There are currently two relatively disparate branches of hydrology, consisting of hydrology as earth science and hydrology as engineering. In the former, hydrology often looks at the land surface as a pristine system, unaffected by humans and governed by our understanding of the system’s physics. In the latter, humans are seen as an integral component of the system, yet these studies tend to be applied and narrowly focused on addressing a specific water problem. Given the extensive imprint of humans on the hydrological cycle in almost every part of the globe and the need for fundamental mechanistic understandings for prediction, these two approaches should move towards and learn from one another.
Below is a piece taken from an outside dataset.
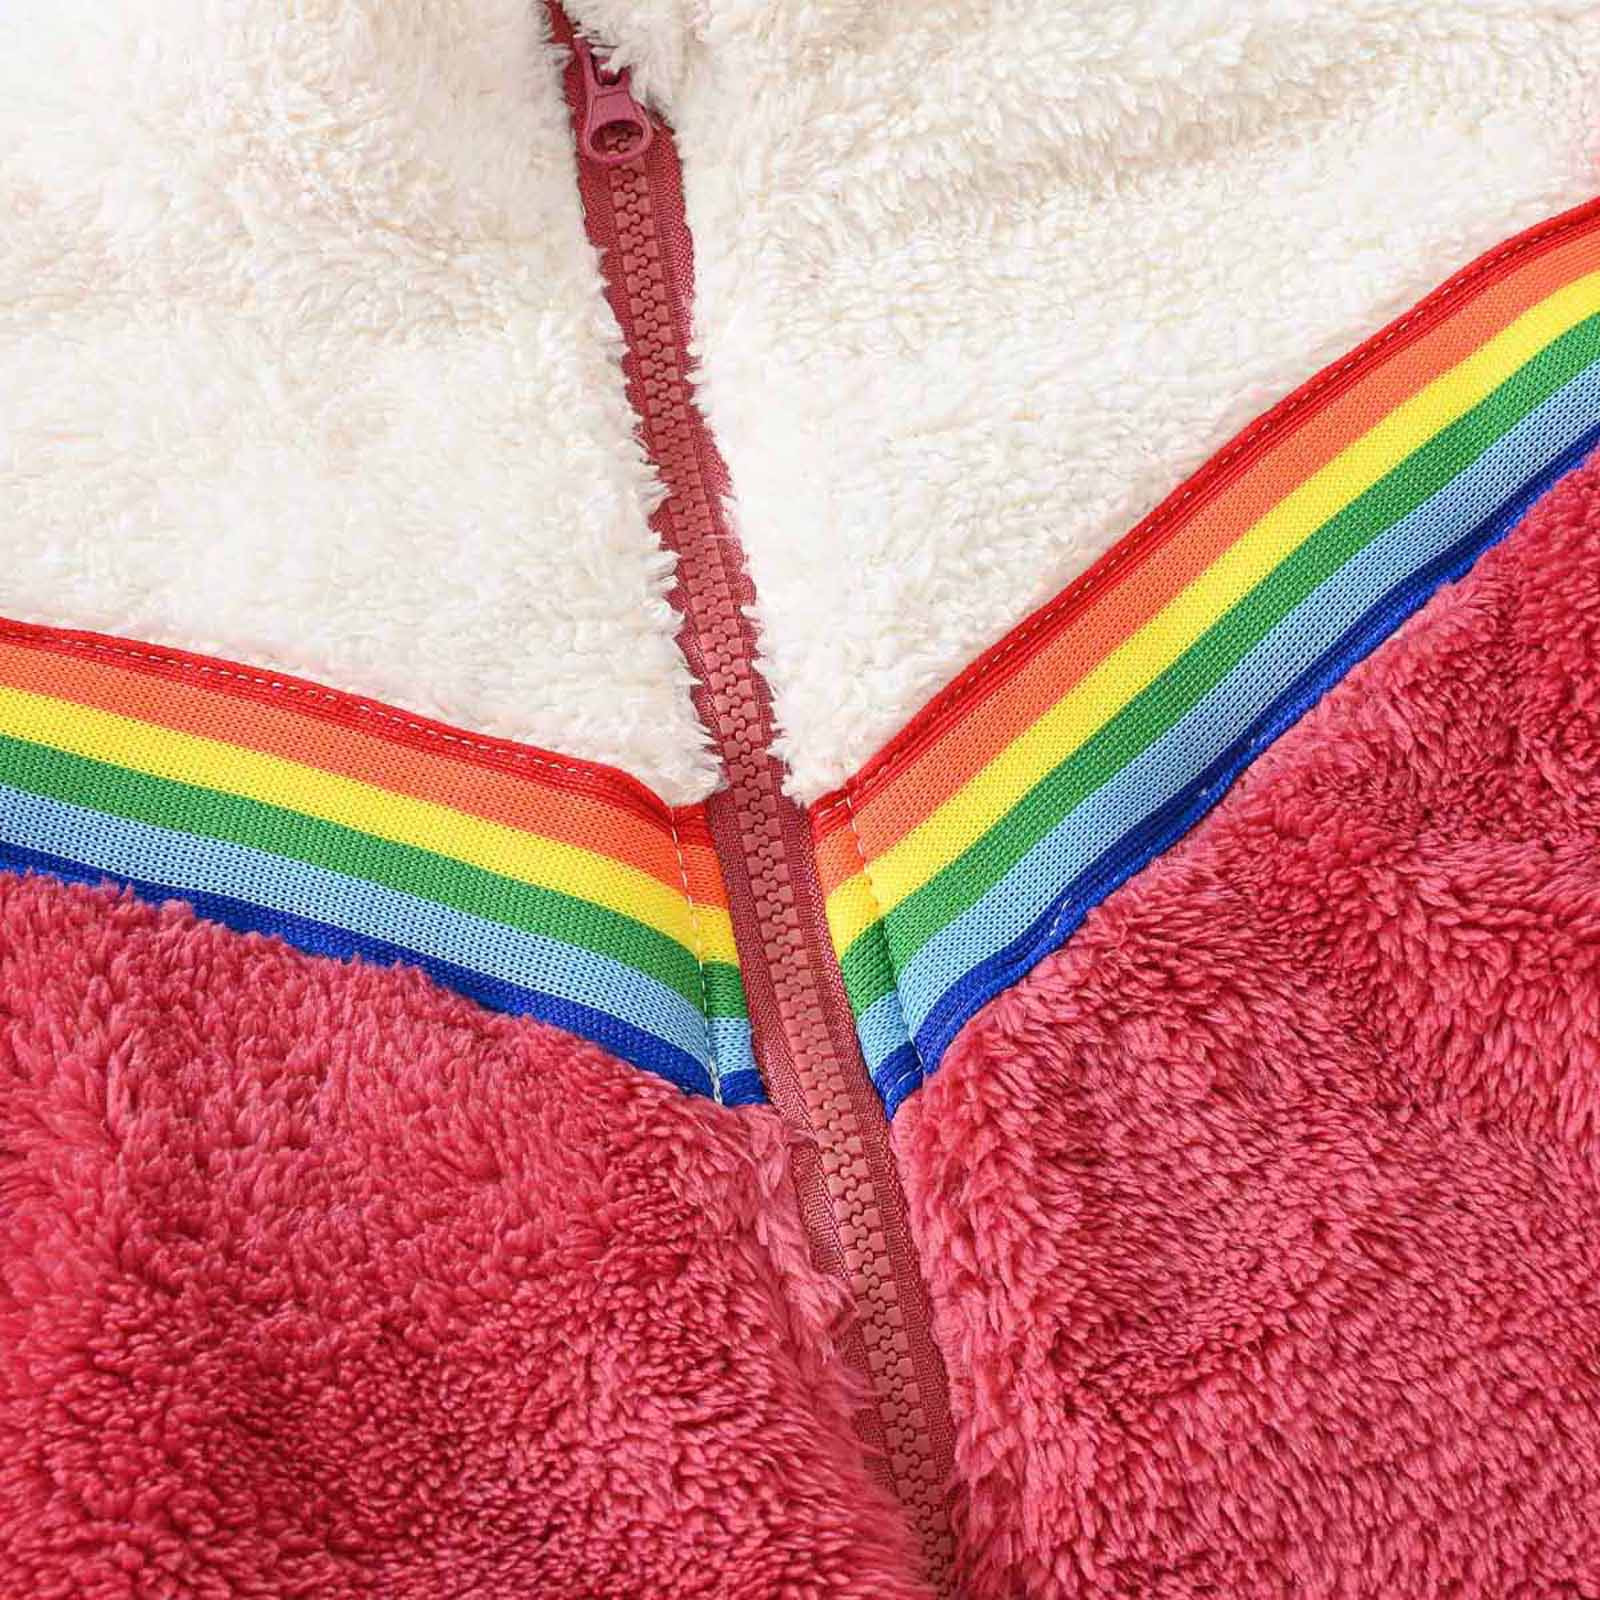 YYDGH Girls Zipper Jacket Fuzzy Sweatshirt Long Sleeve Casual Cozy Fleece Sherpa Outwear Coat Full-Zip Rainbow Jackets(Red,3-4 Years) - image 5 of 8

Hydrologic systems face significant changes, both from climate and humans, and to understand these changes we need tools that are based on the physical understanding of the natural system and incorporate the activities and feedbacks with human systems. Non-stationarity exists due to climate change as well as changes to the watershed structure (e.g. land use change, engineering works, etc.). The hydrology of the system does not exist in a black box, unaffected by other systems, and is interconnected with climatic, ecological, social, and earth surface changes. As such, there can also be feedbacks with society; human settlement patterns and economic activity are often dependent on freshwater availability, and humans alter the natural system to suit their needs.

In order to understand the coupled natural-human system, we need both process-based, universal hydrology laws for human landscapes that are not place-based and studies that focus on a holistic understanding of a particular system. What is critical is a fundamental understanding of human-hydrologic systems that builds upon both the earth science and engineering traditions in hydrology. Additionally, concepts from Earth system science can inform hydrology about the context, approaches to prediction as well as theoretical approaches to better understand and predict the hydrologic cycle and its human modifications within the setting of the whole Earth system.

This special issue will explore this research space, with papers that address both our fundamental understanding of these coupled systems as well as case studies that focus on place-based issues. It will serve as a common ground for researchers interested in addressing coupled natural-human hydrology questions and problems to share their research. More broadly, it is our hope that this special issue will serve as a catalyst for dialog in the hydrologic and the broader earth sciences community about how to address the water problems facing different regions while viewing the hydrologic system as a system that is governed by universal laws, modified by humans, constantly in a state of change, and intertwined with many other systems, particularly the earth system at large.